Others have argued researchers should be identified through their OpenID 
accounts (http://openid.net/). National libraries have their 
(overlapping) authority files. There exists an upcoming ISO standard for 
identifying names/entities: International Standard Name Identifier 
(http://www.isni.org/). Elsevier has its Scopus id’s.

It should be possible to store these author identifiers in (TEI) 
bibliographies. We could achieve that effect in a number of ways:
(1) use @key on an <author>’s <name>
(2) use @ref on an <author>’s <name>
(3) add <author> to att.canonical and use @key or @ref on <author>
(4) create a new element <authorid> and add it to <author>’s content model
(5) extend the scope of the existing element <idno> and add <idno> to 
<author>’s content model

Any solution will however have to cater for the fact that authors may 
have multiple digital author identifiers, corresponding to different 
scheme’s.
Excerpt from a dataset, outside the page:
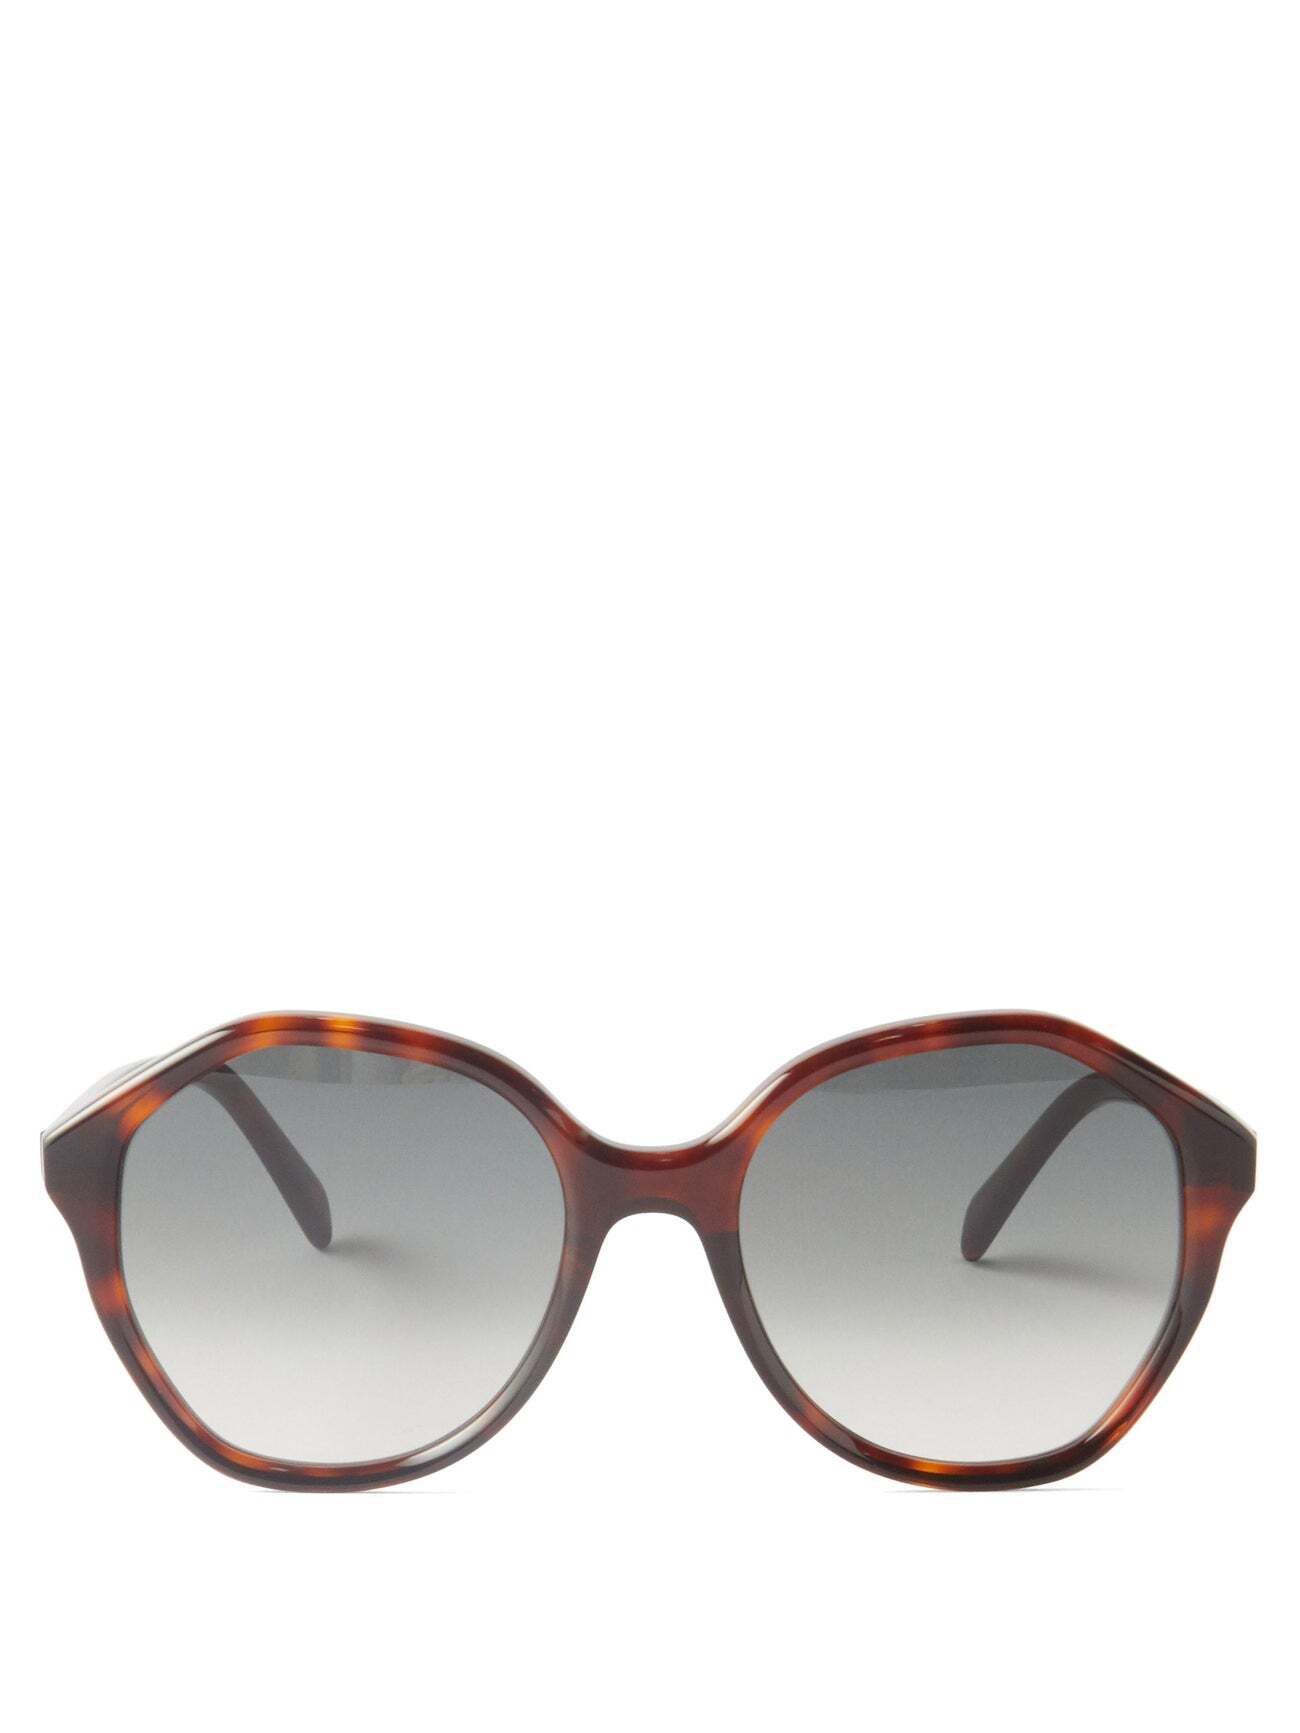 Celine Eyewear - Oversized Round Acetate Sunglasses - Womens - Dark Brown

E.g.:
- an International Standard Name Identifier might one day look like 
urn:isni:12341234
- a researcher id looks like C-1234-2008 or 
http://www.researcherid.com/rid/ C-1234-2008
- a Dutch DAI looks like: info:eu-repo/dai/nl/12456454
- an open id might look like: https://me.yahoo.com/johndoe61

This means that any solutions that rely on attributes will either need 
to somehow store the identification scheme in the attribute, or have to 
rely on parsing the value to guess what scheme is applicable. @key has 
the added problem that it holds by definition only one value, so even if
    key="researcherid:C-1234-2008"
would work, it could not at the same time hold the International 
Standard Name Identifier for the researcher. @ref could hold multiple 
values, but must contain uri’s; we could have
    ref="info:eu-repo/dai/nl/12456454 https://me.yahoo.com/johndoe61"
but then software would have to guess what scheme is applicable.
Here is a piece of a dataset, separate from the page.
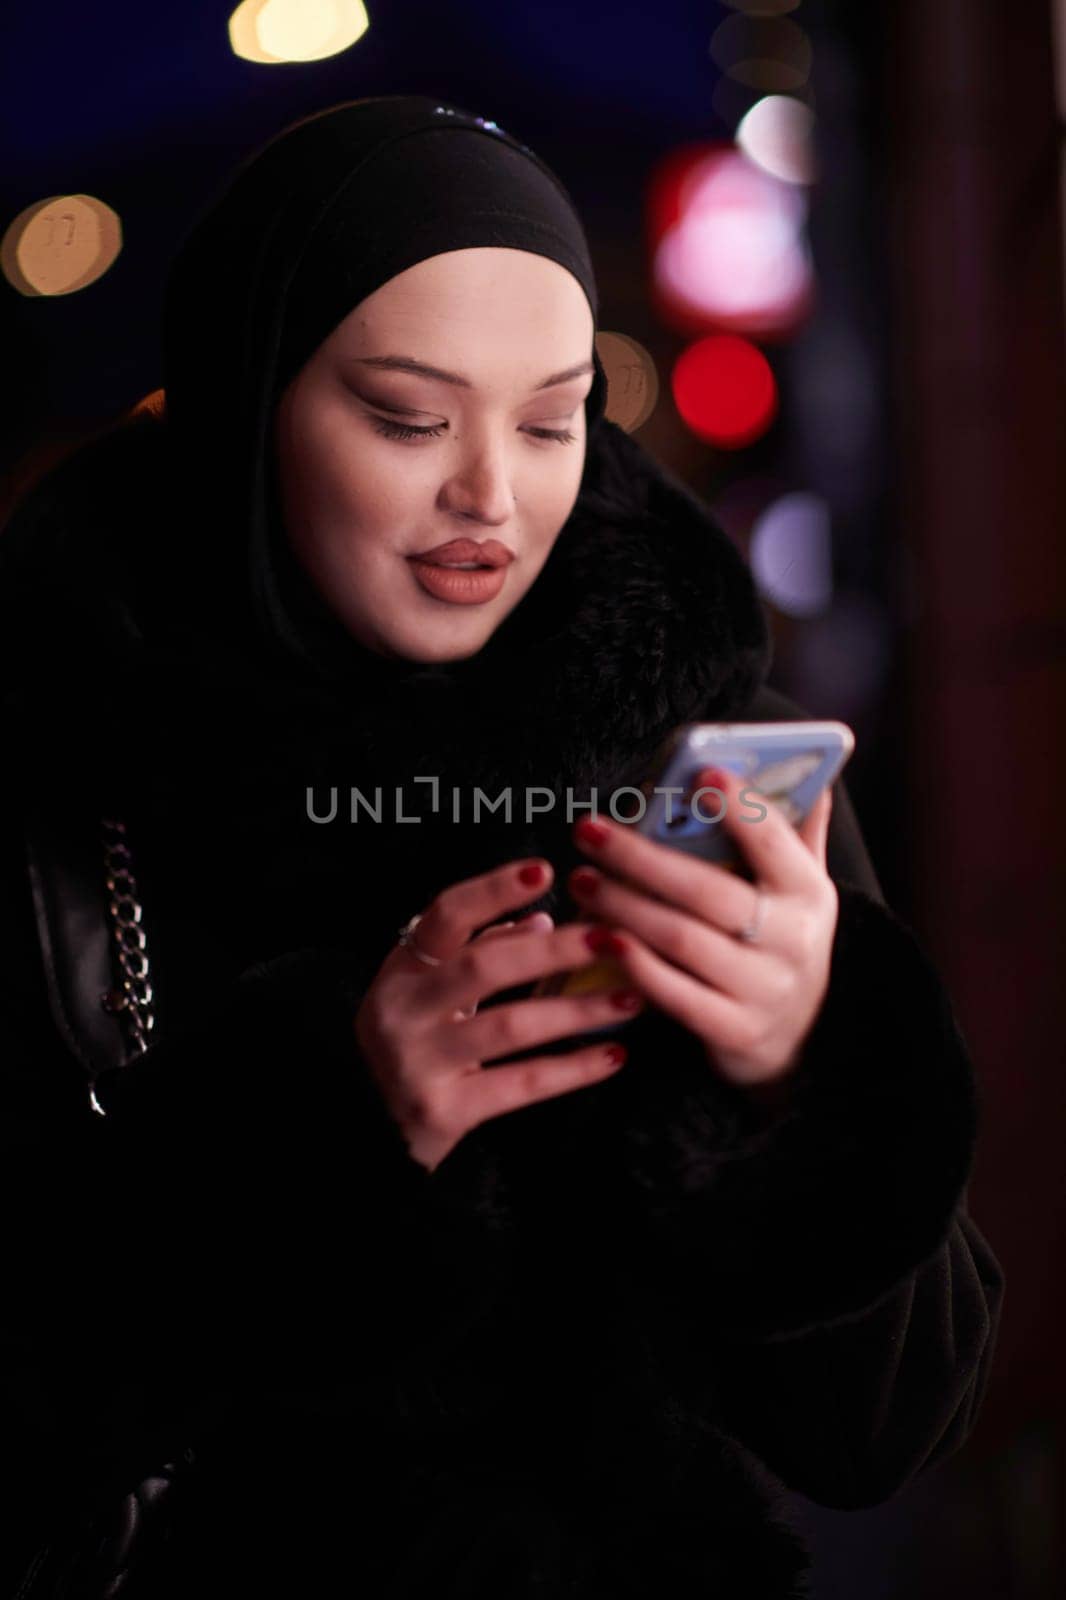 uropean Muslim Hijabi Business Lady checking her phone on urban city street at night by dotshock

This implies that for a robust solution we need a repeatable element 
that stores the identifier’s scheme as a type or scheme attribute, and 
the value either as text or as a value attribute. We can either create a 
new element for the purpose, e.g. <authorid>, or reuse an existing element.
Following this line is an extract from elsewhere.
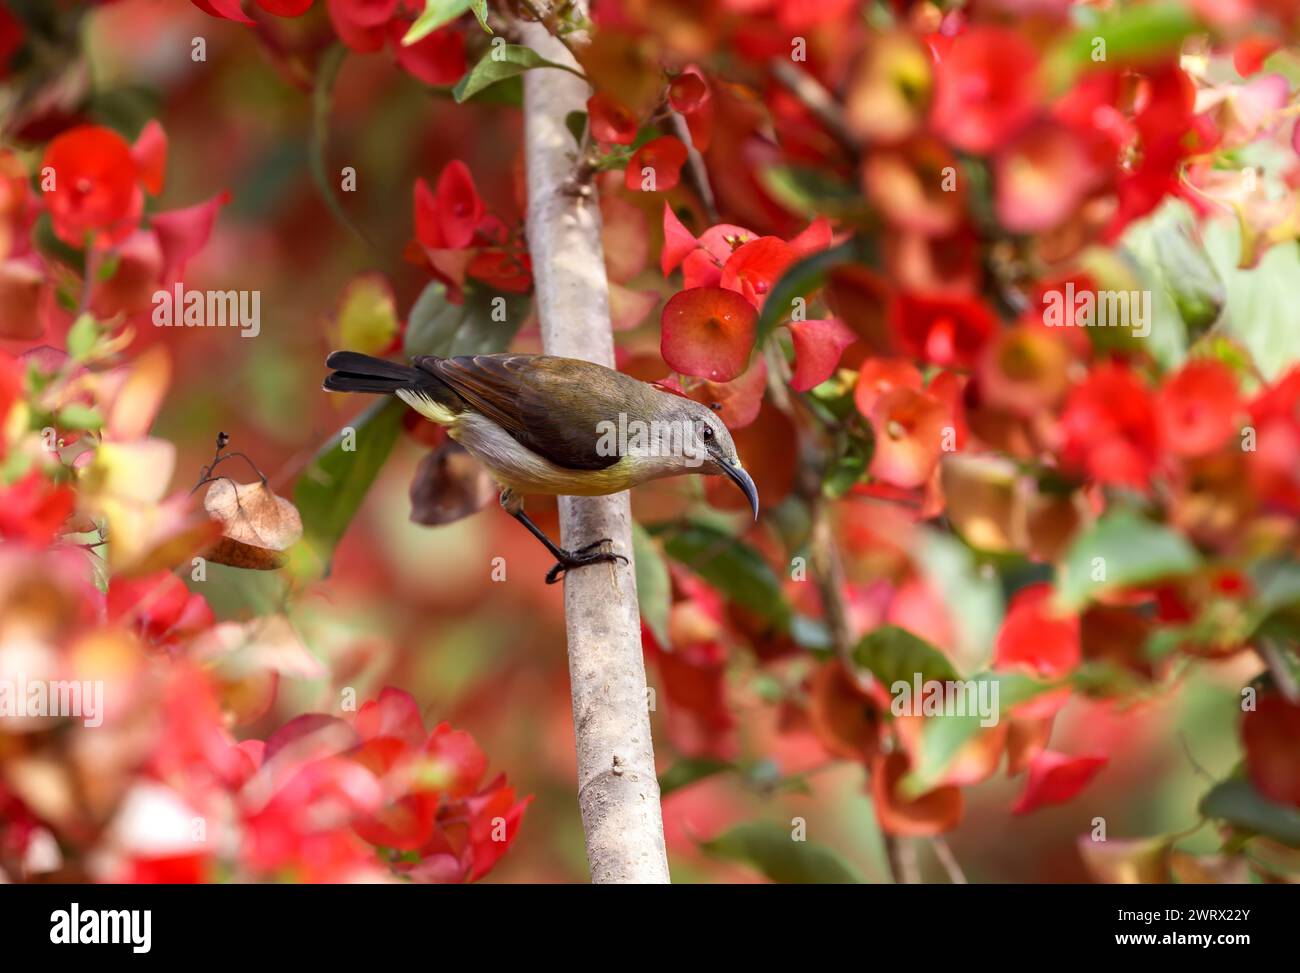 sunbird on flower.this photo was taken from Bangladesh. Stock Photo

The proposal here is to use the existing <idno> element. The need to 
identify authors is exactly analogous to the need to identify 
bibliographic elements such as articles or monographs, the element has 
already an appropriately generic name, and I see no reason why not to 
use it. This does not involve, as Syd wrote on the TEI in Libraries 
mailing list 
(https://listserv.indiana.edu/cgi-bin/wa-iub.exe?A2=ind0901B&L=TEILIB-L&T=0&F=&S=&P=2774), 
a ‘semantic shift’: <idno> would have the same meaning it always had, it 
would just be applied to new elements.

This would involve:
- changing the definition of idno from ‘supplies any standard or 
non-standard number used to identify a bibliographic item’ to e.g. 
‘supplies any standard or non-standard number used to identify 
bibliographic elements’
- adding <idno> to <author>’s content model, presumably as its first 
element.

We could then have e.g.
<author>
    <idno type="nldai">info:eu-repo/dai/nl/12456454</idno>
    <idno type="openid">https://me.yahoo.com/johndoe61</idno>
   John Doe
</author>

[1] TePaske-King, B. and Richert, N. (2001), 'The identification of 
authors in the Mathematical Reviews Database', Issues in Science and 
Technology Librarianship, 31.
[2] Bourne, Philip E. and Fink, J. Lynn (2008), 'I Am Not a Scientist, I 
Am a Number', PLoS Computational Biology, 4 (12), e1000247.
[3] Danskin, Alan, et al. (2008), 'A review of the current landscape in 
relation to a proposed Name Authority Service for UK repositories of 
research outputs', (JISC).
[4] Cals, J. W. L. and Kotz, D. (2008), 'Researcher identification: the 
right needle in the haystack', The Lancet, 371 (9631), 2152-53.